Già allora, a buona ragione, mi affascinò la profondità e l’ampiezza, l’aspetto sapienziale del suo sapere, che rendeva il linguaggio culturale ogni volta vivo e generativo nell’impatto diretto dell’ascolto. Ad esempio, la musica è rimasta per me piuttosto un fatto di comunione corale che di fruizione individuale.


Abbiamo letto che per quarant’anni vi siete persi di vista. Che cosa seguì a quella prima breve esperienza in Gioventù Studentesca?
Trascorsi vari anni di lontananza negli impegni familiari e professionali. Finché un giorno, mentre leggevo su un quotidiano qualche notizia relativa all’opera di don Giussani, ebbi una percezione lucida e netta: non è finita, noi ci ritroveremo! E fui subito quieta e lieta di questa assoluta certezza - anche dopo avere ascoltato una sua conferenza al teatro San Babila di Milano, nell’inverno del ’92 (don Giussani aveva tenuto un’affollatissima conferenza su “Fede e moralità”, organizzata dal Centro culturale San Carlo, ora CMC; ndr), senza tuttavia riuscire a raggiungerlo.

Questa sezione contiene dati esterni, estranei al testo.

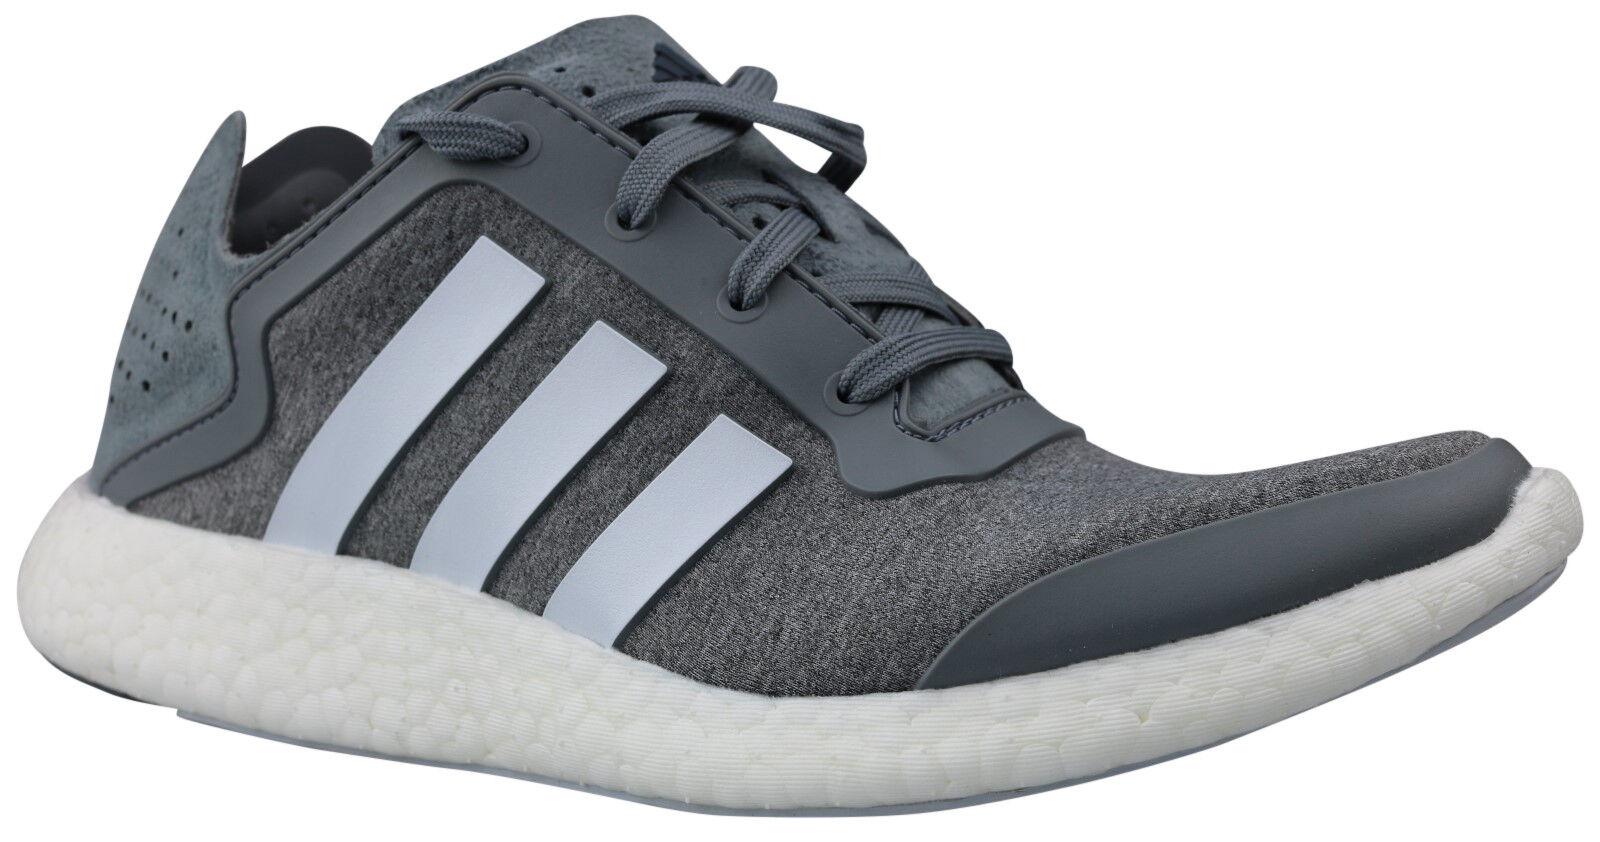 ADIDAS PURE BOOST pureboost scarpe da ginnastica Donna Scarpe m22137 GRIGIO TG. 40 40,5 NUOVO OVP

Poi a metà degli anni Novanta vi siete ritrovati. Prova a sintetizzare con una frase la storia di quel rapporto. Che cosa conservi di don Giussani?
La consapevolezza di un legame, fondato nell’adolescenza, che si sarebbe compiuto nella maturità degli anni e delle prove, ridonandomi il volto di Gesù, un’amicizia e le fede nel “Dio fedele”. In ogni circostanza non avevo dimenticato di confidare in Lui, per arrivare a capire che è Lui a disporre di ogni circostanza.